Dom Quixote trava diversas batalhas imaginárias. Enfrenta um rebanho de ovelhas que imagina serem guerreiros. Noutra, ele livra ladrões das mãos da polícia, porque seus crimes eram amor e poesia, que não é digno de pena.
Quixote vive a vida atrás de uma razão de viver. Dulcineia, sua amada imaginária, era, de fato, um amor de adolescência de Quixote. Seu cavalo. Sua armadura. O encontro com duques e duquesa. A busca incessante por encontrar um “bom combate”. Quixote vive como Cavaleiro muito mais que nem mesmo os famosos “Cavaleiros” viveriam.
Presos ao mundo real, os Cavaleiros viviam uma vida miserável. Preso à sua imaginação Dom Quixote faz-se grandioso. Incrivelmente sedutor, como sedutora é a loucura.
No final, derrotado por um amigo que arma uma batalha imaginária e o derrota na esperança de que Quixote vença a “loucura”, ele retorna para casa. Retoma a sanidade. Desculpa-se com Sancho Pança e com uma sobrinha e esse amigo, pelas loucuras que fez.
No entanto, em seu Epitáfio fica essa grande dúvida do livro:
– Ele era realmente louco ou um burguês que, cansado da monotonia insuportável da vida comum partiu para aventuras que ele próprio criava, buscando encontrar uma razão melhor para viver a grande aventura a que chamamos vida?
Não cabe julgar. Quem sou eu. Mas prefiro acreditar que Dom Quixote se tornou Dom Quixote porque foi atrás do que, para ele, seria uma vida grandiosa e diferente da tediosa que viveria se essa outra não tivesse sido “criada” por ele mesmo.
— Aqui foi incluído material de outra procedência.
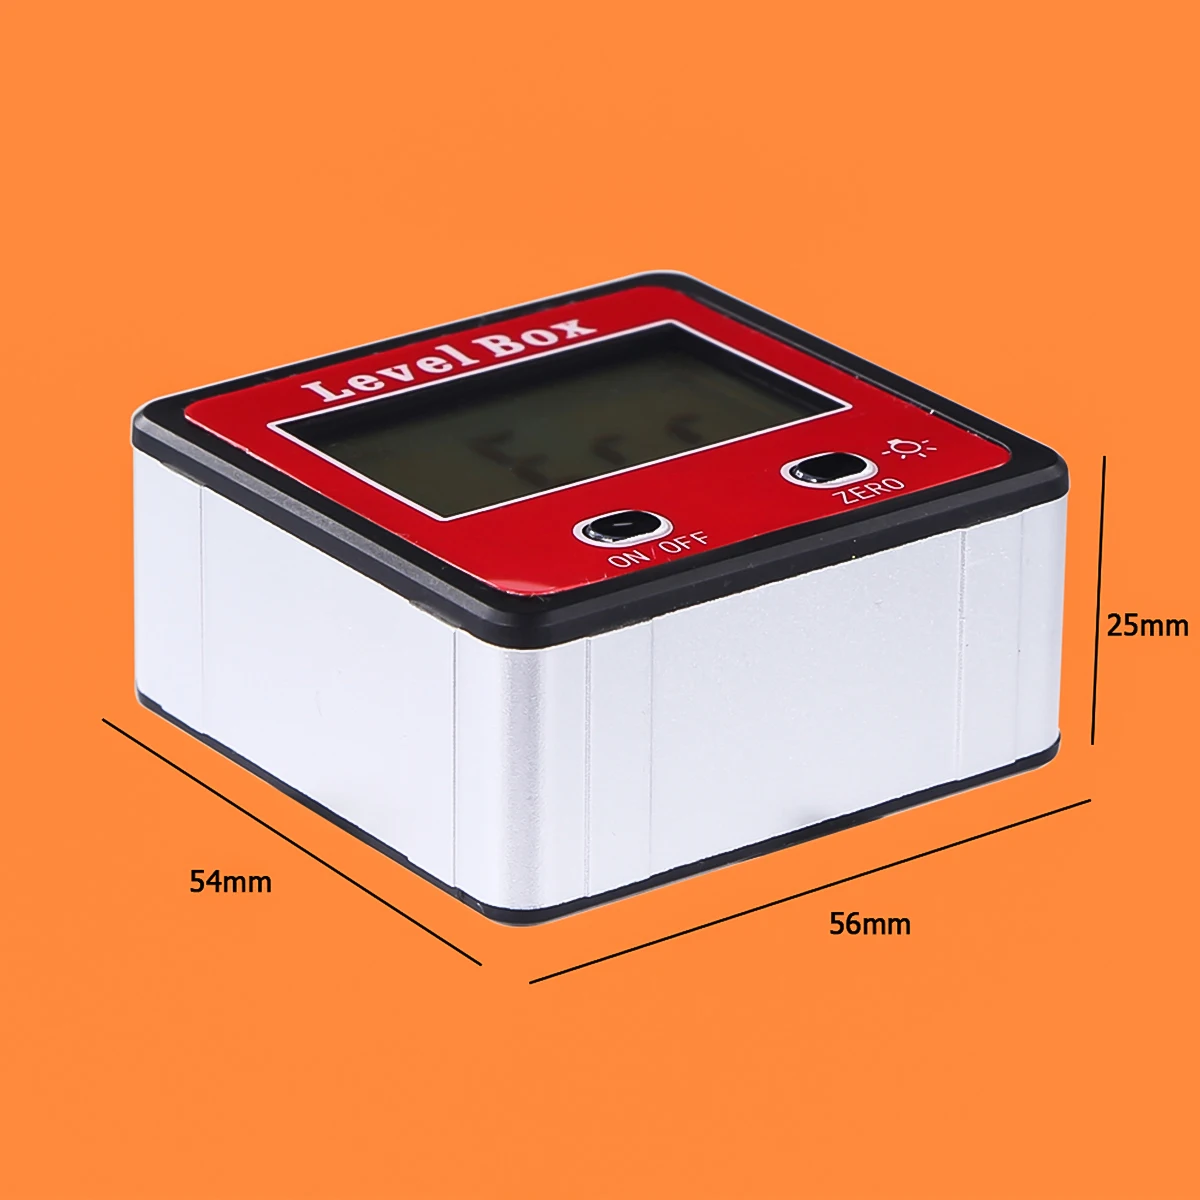 Мини красный точность цифровой 2-кнопочный Инклинометр уровень Box цифровой транспортир угловой видоискатель измеритель угломер в корпусе с базой магнита

Consuegra é pequena. Tem um incrível rio enorme e completamente seco. Mas ali no morro de Consuegra, bem a vista de todos, estão os moinhos de vento que Dom Quixote bravamente enfrentou. E essa visão é realmente grandiosa, quando se conhece a linda história do romântico e bravo Fidalgo de La Mancha.